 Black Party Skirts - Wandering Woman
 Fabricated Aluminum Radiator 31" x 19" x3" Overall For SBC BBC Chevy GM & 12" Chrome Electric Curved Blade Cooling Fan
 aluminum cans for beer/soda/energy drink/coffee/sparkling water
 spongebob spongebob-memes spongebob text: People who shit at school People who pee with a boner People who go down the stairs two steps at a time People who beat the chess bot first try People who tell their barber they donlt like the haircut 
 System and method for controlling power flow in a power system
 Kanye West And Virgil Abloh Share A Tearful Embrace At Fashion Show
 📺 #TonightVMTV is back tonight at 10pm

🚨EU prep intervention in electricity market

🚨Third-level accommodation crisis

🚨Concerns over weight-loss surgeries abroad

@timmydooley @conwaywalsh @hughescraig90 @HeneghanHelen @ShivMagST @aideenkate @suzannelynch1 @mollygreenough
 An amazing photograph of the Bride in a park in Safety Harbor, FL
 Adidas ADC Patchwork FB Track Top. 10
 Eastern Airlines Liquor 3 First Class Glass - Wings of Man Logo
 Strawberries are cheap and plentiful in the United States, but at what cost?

## WHAT IS BEING ASKED
Everything in the material above from the line that has "aluminum cans for" through the line that has "Kanye West And" must be duplicated exactly, with no other lines given.

## SOLUTION
 aluminum cans for beer/soda/energy drink/coffee/sparkling water
 spongebob spongebob-memes spongebob text: People who shit at school People who pee with a boner People who go down the stairs two steps at a time People who beat the chess bot first try People who tell their barber they donlt like the haircut 
 System and method for controlling power flow in a power system
 Kanye West And Virgil Abloh Share A Tearful Embrace At Fashion Show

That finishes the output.